YOUR ASSIGNMENT: With the images removed, write out every line below exactly.

DATASET EXTRACT:
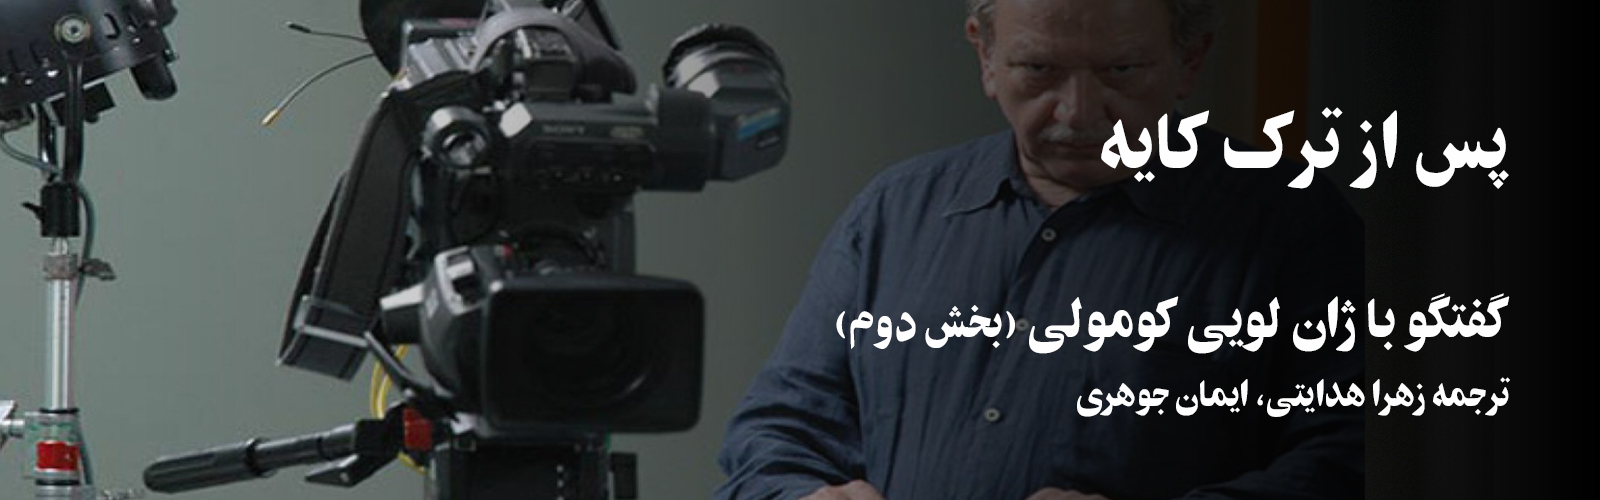 فیلم پن: پس از ترک کایه؛ گفتگوی دنیل فرفکس با ژان لویی کومولی- بخش دوم
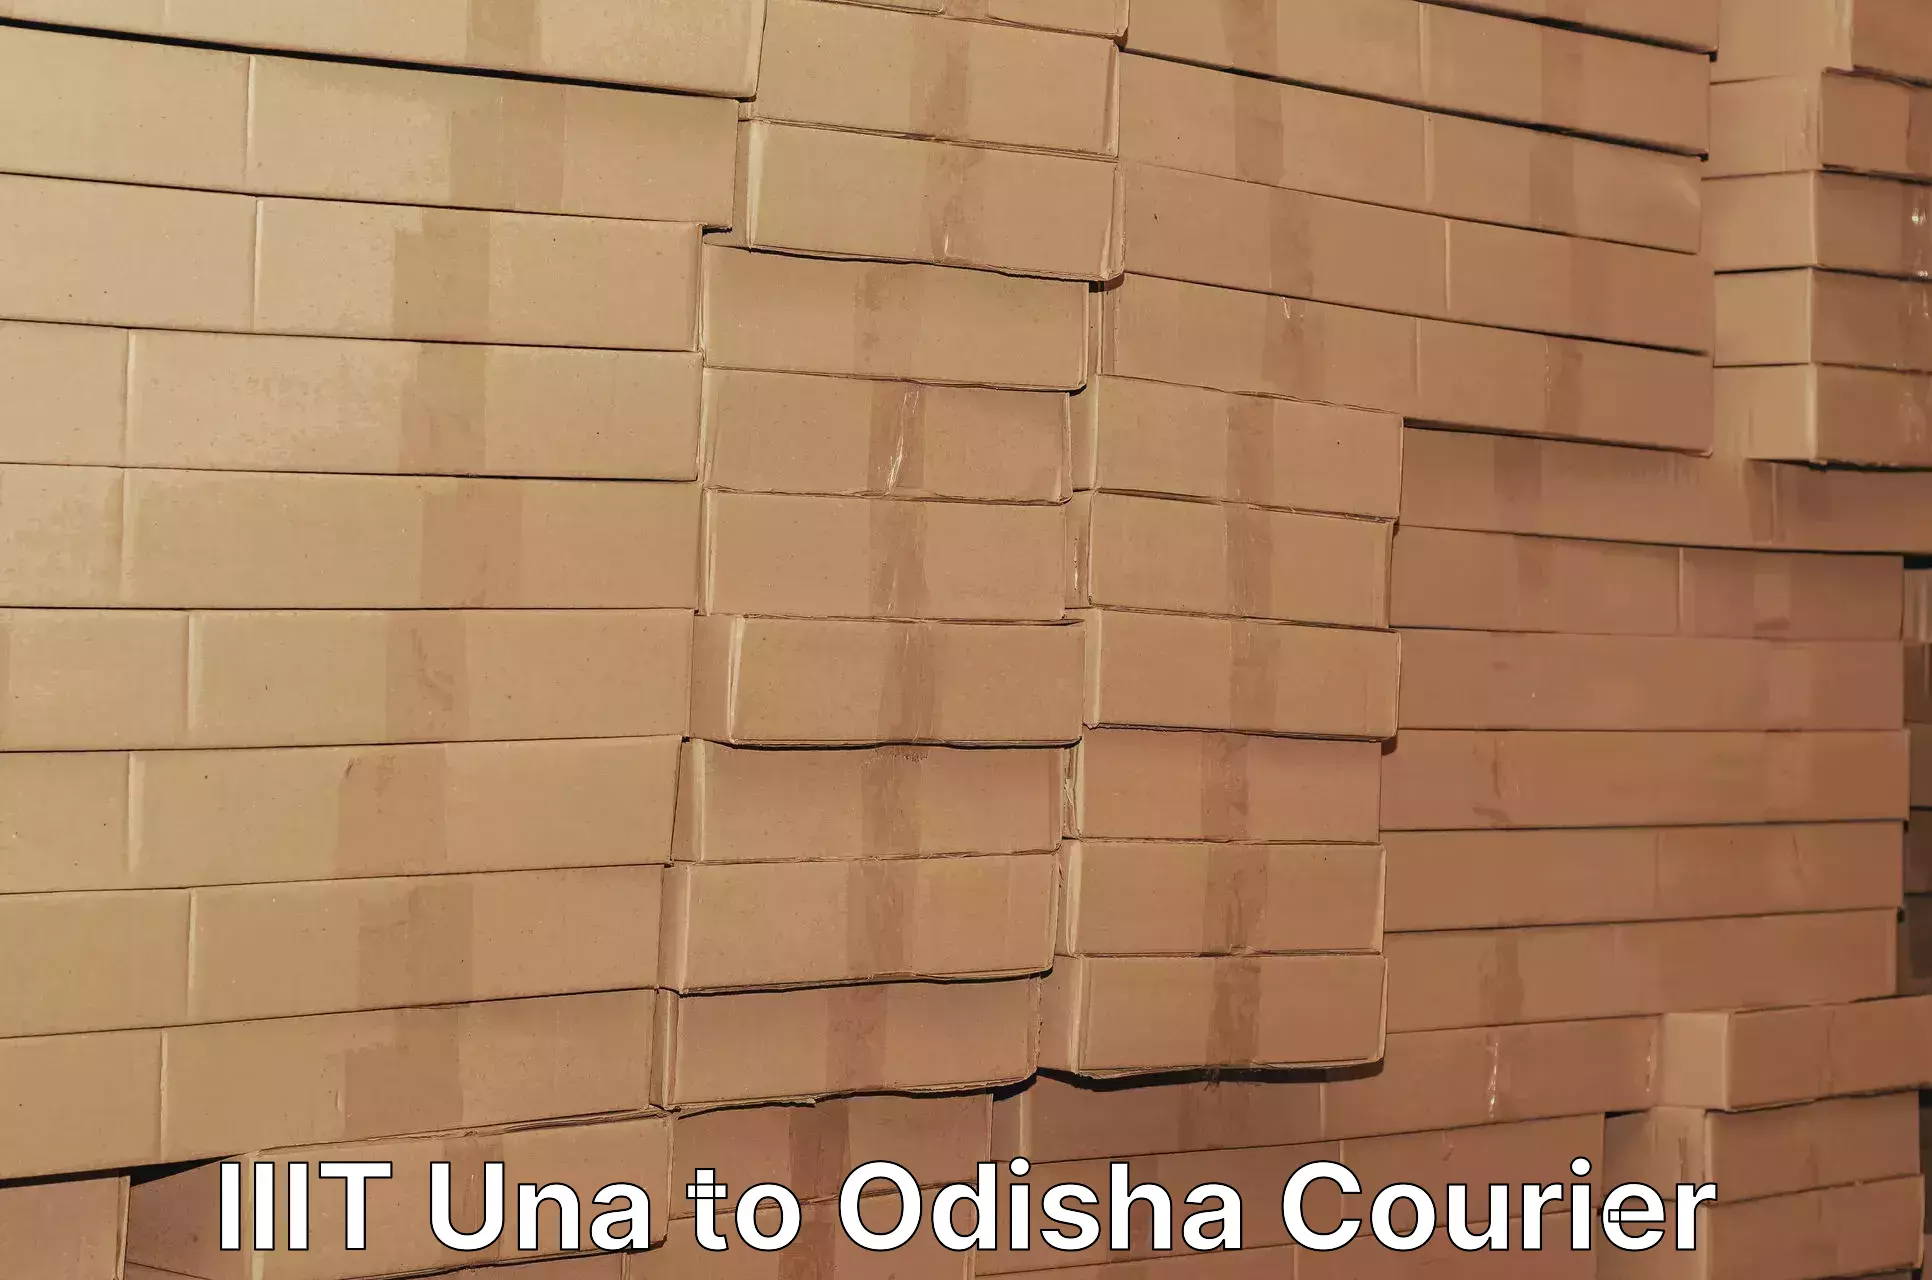 24-hour courier service IIIT Una to Odisha
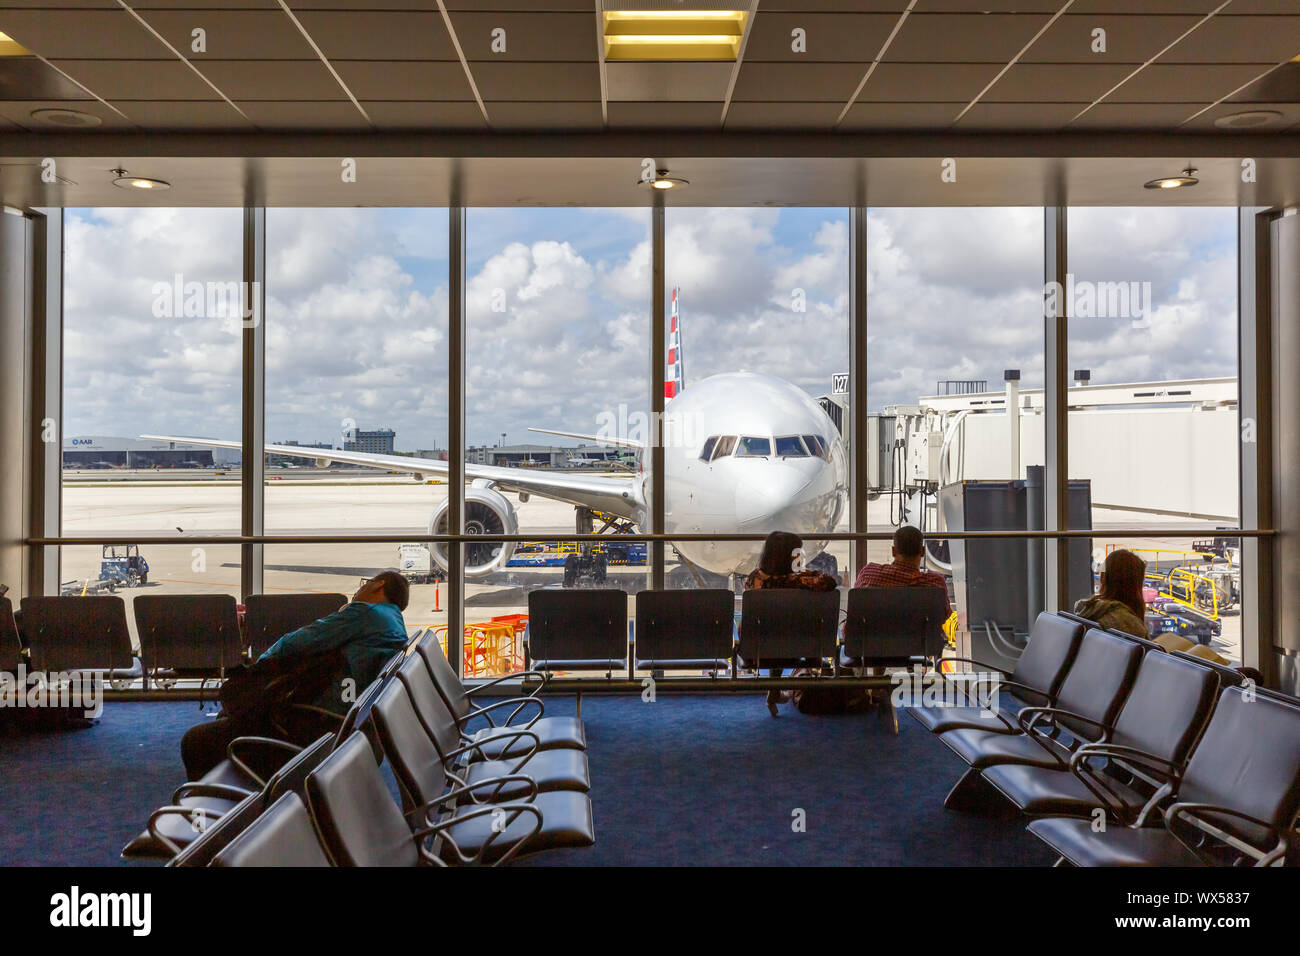 Miami, Florida - Aprile 7, 2019: immagine simbolica aviation passeggeri American Airlines aereo all'aeroporto di Miami (MIA) negli Stati Uniti. Foto Stock
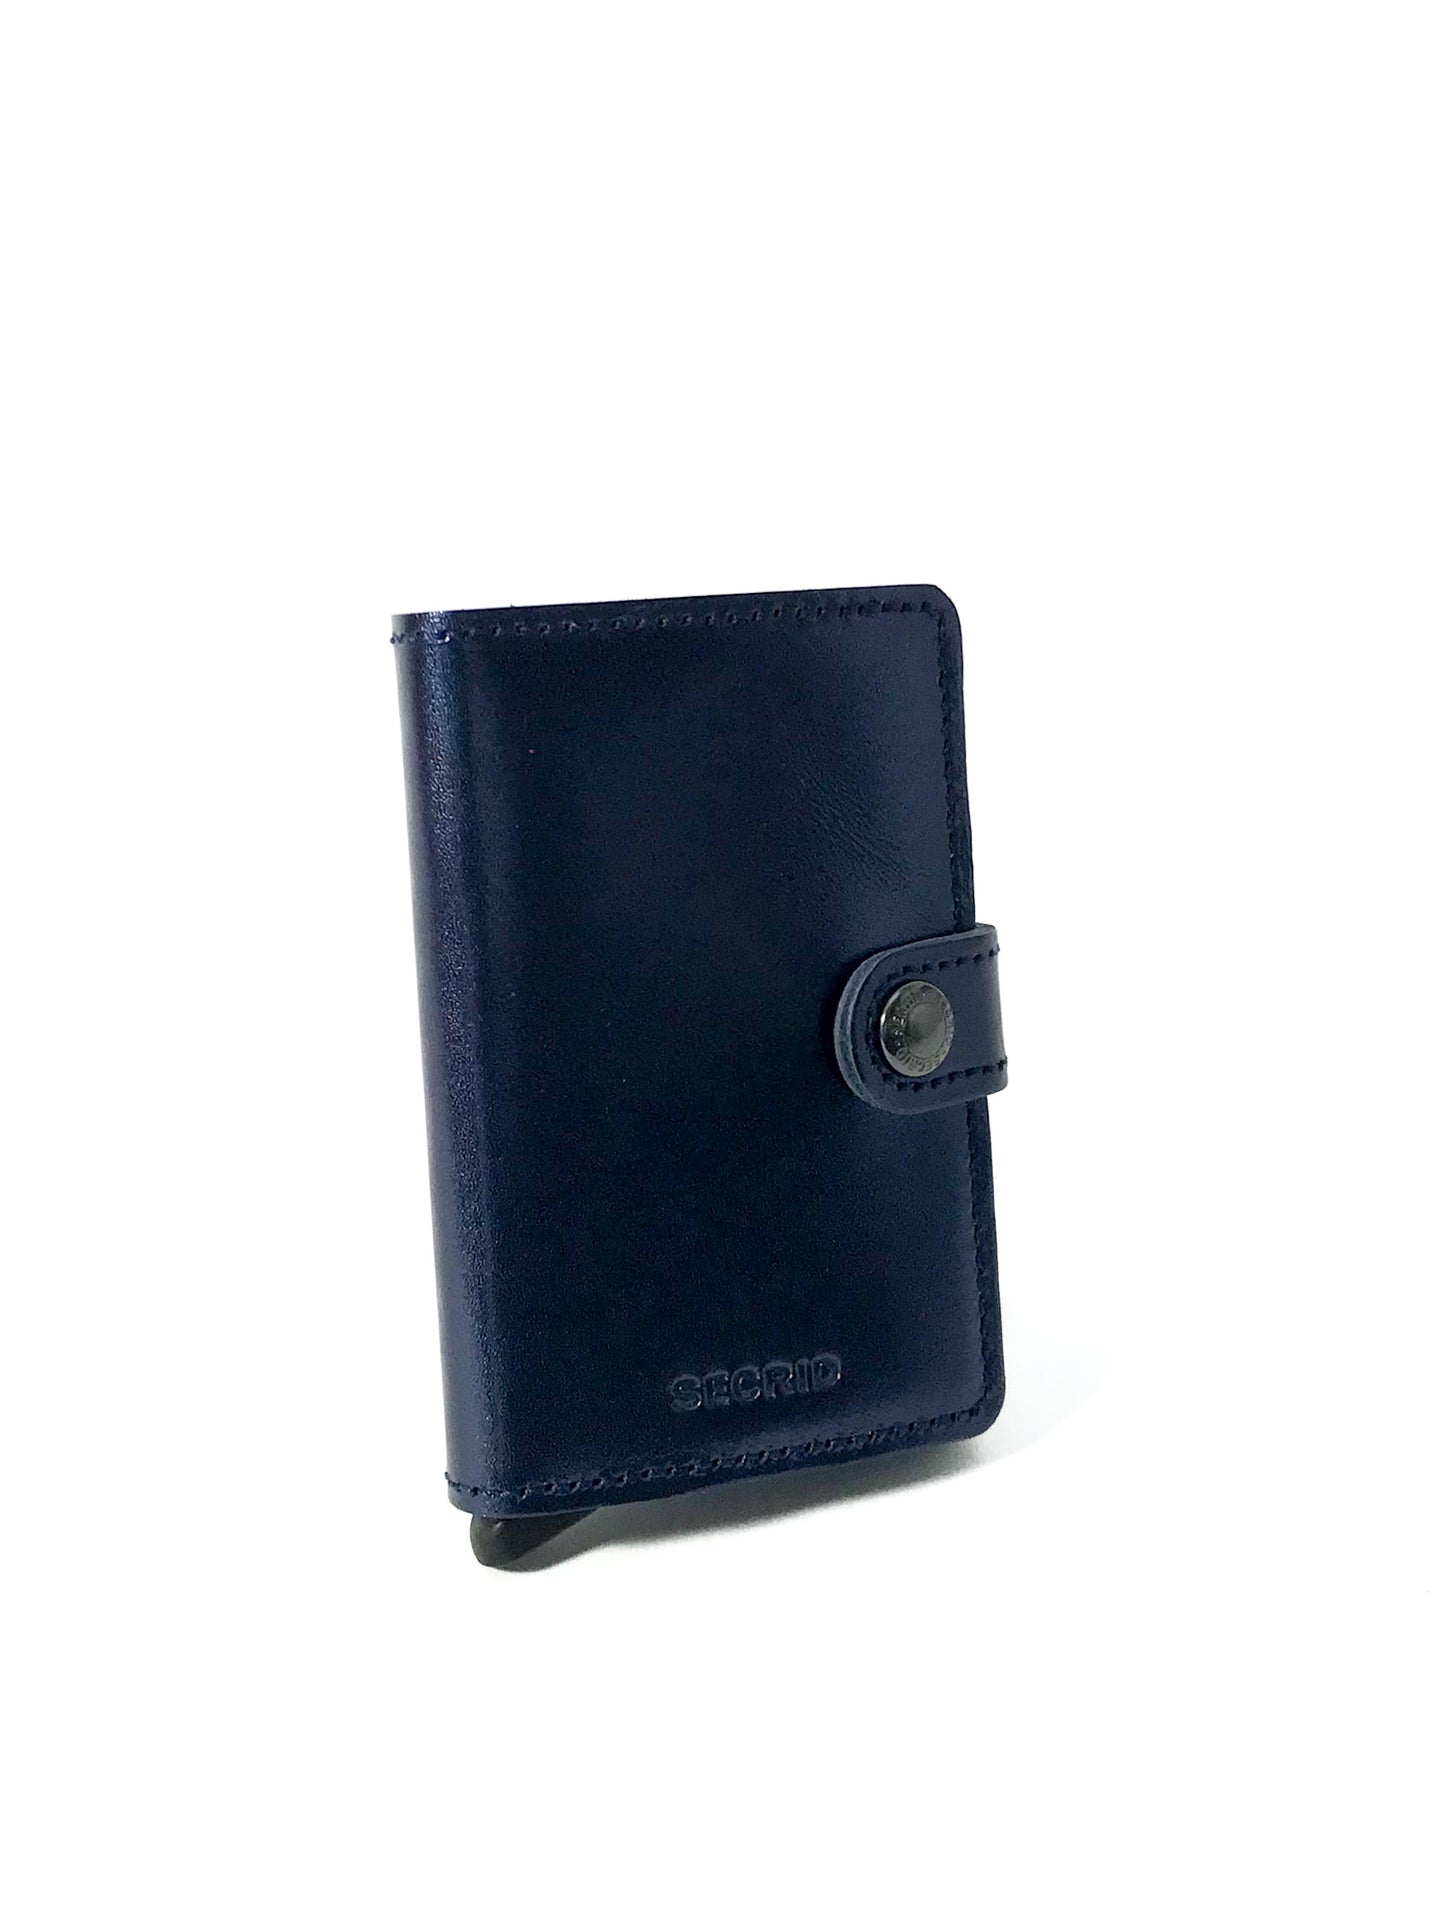 Brieftasche "Miniwallet" Metallic Blue - Ottofkkoch

REPLY TO THE EXERCISE:
 فیلم پن: پس از ترک کایه؛ گفتگوی دنیل فرفکس با ژان لویی کومولی- بخش دوم
 24-hour courier service IIIT Una to Odisha
 Miami, Florida - Aprile 7, 2019: immagine simbolica aviation passeggeri American Airlines aereo all'aeroporto di Miami (MIA) negli Stati Uniti. Foto Stock
 Brieftasche "Miniwallet" Metallic Blue - Ottofkkoch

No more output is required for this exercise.